When a straightforward medical illustration of a fetus nestled within its mother’s womb was posted to Instagram in December, one simple detail propelled it across the internet, where it received more than 50,000 retweets on Twitter and more than 104,000 likes on Instagram.
The detail? The mother and fetus were Black.
“20 years in women’s health and this is the first time I have seen a Black pregnancy medical illustration ...or any Black medical illustration for that matter,” wrote Dr. Notisha Massaquoi, an assistant professor in the Department of Health and Society at the University of Toronto Scarborough, on Twitter.
Other medical doctors and nurses made similar observations. Dr. Ramla N. Kasozi, a family medicine physician at the Mayo Clinic in Jacksonville, Florida, tweeted that it was her “first time seeing a medical illustration with a Black woman carrying a Black fetus.”
The illustrator behind the viral picture is 25-year-old Chidiebere Ibe, a Nigerian medical student and aspiring neurosurgeon, who describes himself as a self-taught artist.
He says he first took up illustrating medical conditions and human anatomy in July 2020, when it was becoming clear that COVID-19 lockdowns weren’t going anywhere anytime soon. Needing a way to make money as he prepared to enter medical school, Ibe turned to a mentor who suggested that he combine his love of art and medicine by working as a medical illustrator. By the end of the year, Ibe had become creative director of the Journal of Global Neurosurgery.
From his very first illustration, he says he intentionally chose to color Black skin.
“It was a very thoughtful [decision],” says Ibe in an interview over Zoom. “Because, when I started drawing, I had done a lot of research and I saw that all the drawings were of White skin.”

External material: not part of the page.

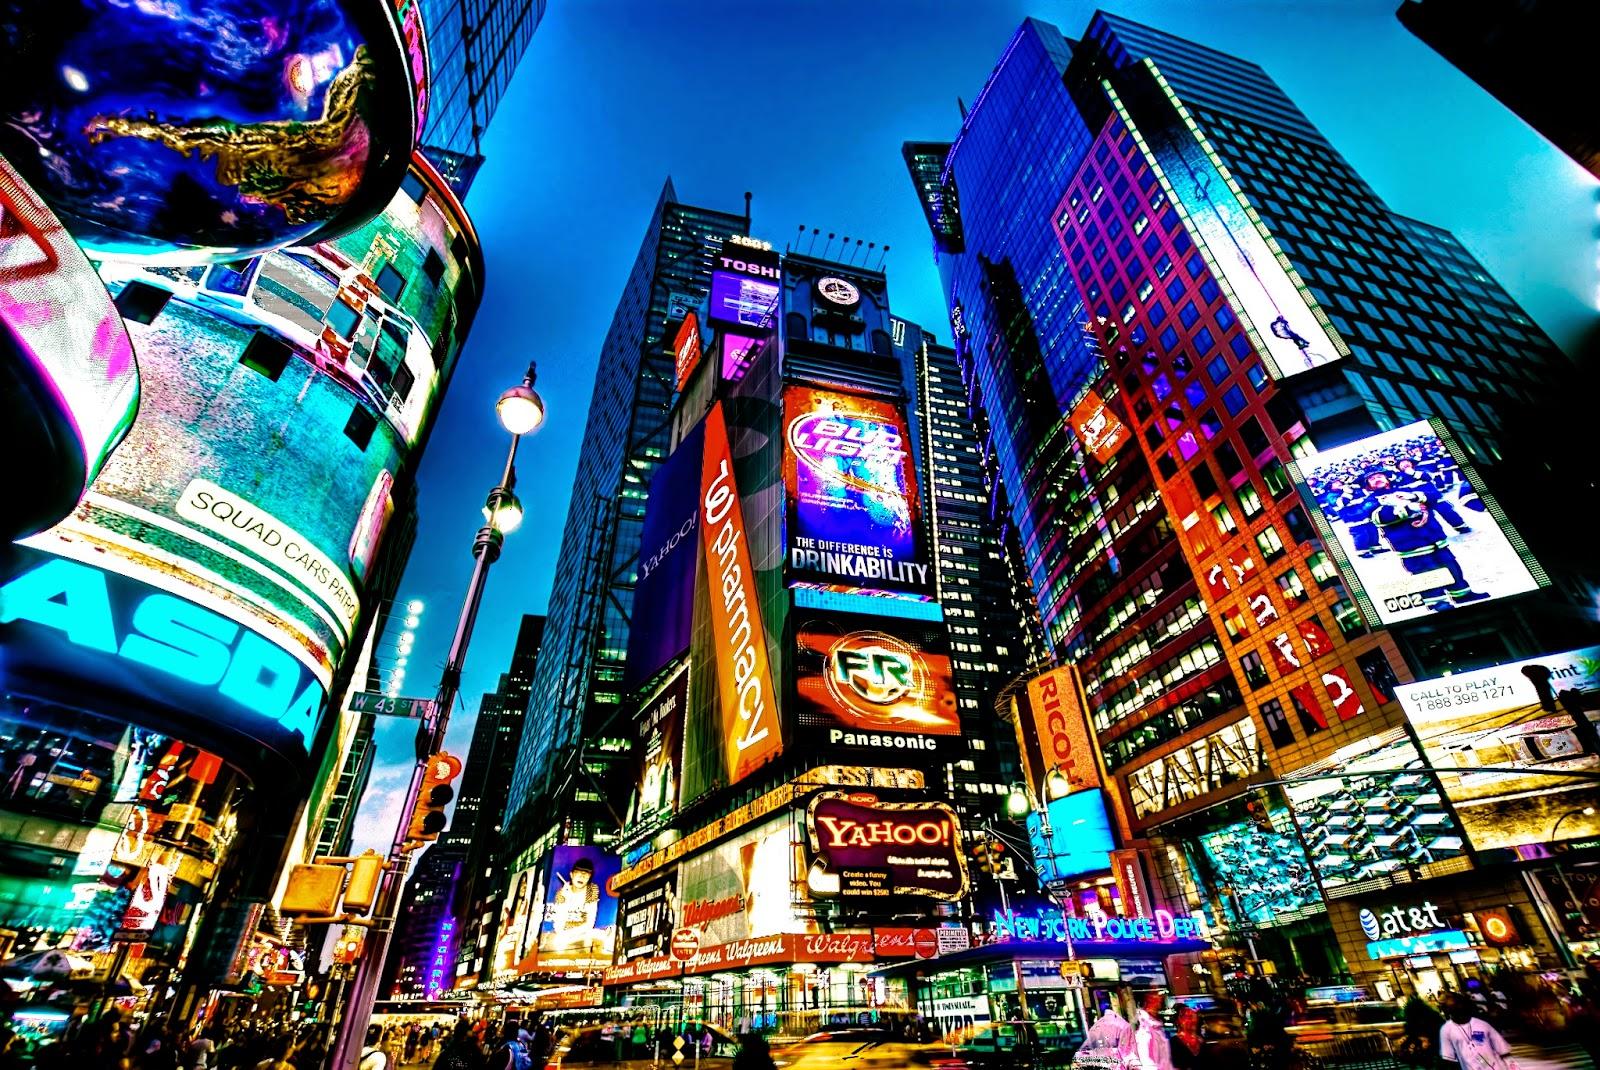 O que levar na mala para Nova York

He points to a University of Pennsylvania study from April 2020, which examined images within general medicine textbooks. Despite the fact that the U.S. is becoming more racially and ethnically diverse, the study found that just 4.5% of illustrations in medical textbooks showed dark skin.
“That’s quite a low number,” Ibe says. “And I strongly believe that if drawings are diverse and inclusive, then students will find it more interesting to study. … How many medical students are out there who have wanted to see themselves?”
Not only does he believe these drawings help others envision themselves in the medical field, but he says they also improve the level of health care patients receive, especially in fields such as dermatology where visual diagnosis can vary by the background skin type.
“For example, if a Black patient with a skin condition comes to a White doctor who doesn’t have the experience of seeing [the condition on Black skin], that could be negative. So this is why drawings, if inclusive, would help mitigate their chances of misdiagnosis. It has so much to do with improving our health sector … because the foundation for improving the health care sector is education.”
Ibe has been sharing medical illustrations on his Instagram account, “ebereillustrate,” since July 2020. Since then, he’s posted roughly 60 illustrations, depicting various surgical procedures and conditions, such as ovarian cancer, cervical spondylosis and measles.
“This is so necessary. I can’t count the numerous hours I’ve spent searching for images of various skin conditions ‘on black people,’” wrote one person on two illustrations featuring seborrheic dermatitis and heat rash.
Ibe says he has always wanted to pursue medicine — a goal that solidified when he lost his mother to cancer around the age of 13.
“Being a young child and going through that pain, it gave me more courage to press on forward in what I wanted and what I believed in,” says Ibe, who aspires to be a pediatric neurosurgeon. “I want to give children the peace and happiness they deserve through surgery.”
Having graduated with an undergraduate degree in chemistry from the University of Uyo in Nigeria, Ibe is in his first semester of medical school at Kyiv Medical University in Ukraine.
Preparing to pay for tuition, he created a GoFundMe campaign in June 2021, hoping to raise $21,400. For the first couple months, he says the campaign had raised about $190. But once his illustrations went viral, that total shot upwards. As of publication, the campaign has now raised $41,700 — nearly twice his original goal.
“I feel grateful for everything, I feel blessed about everything,” he says.
He adds that he has been overwhelmed by reading the reactions of people, saying that he hadn’t realized the impact his drawings were having until they went viral.
“Reading through everything and just seeing the joy, I understand that this is not just a medical illustration but a piece of art.”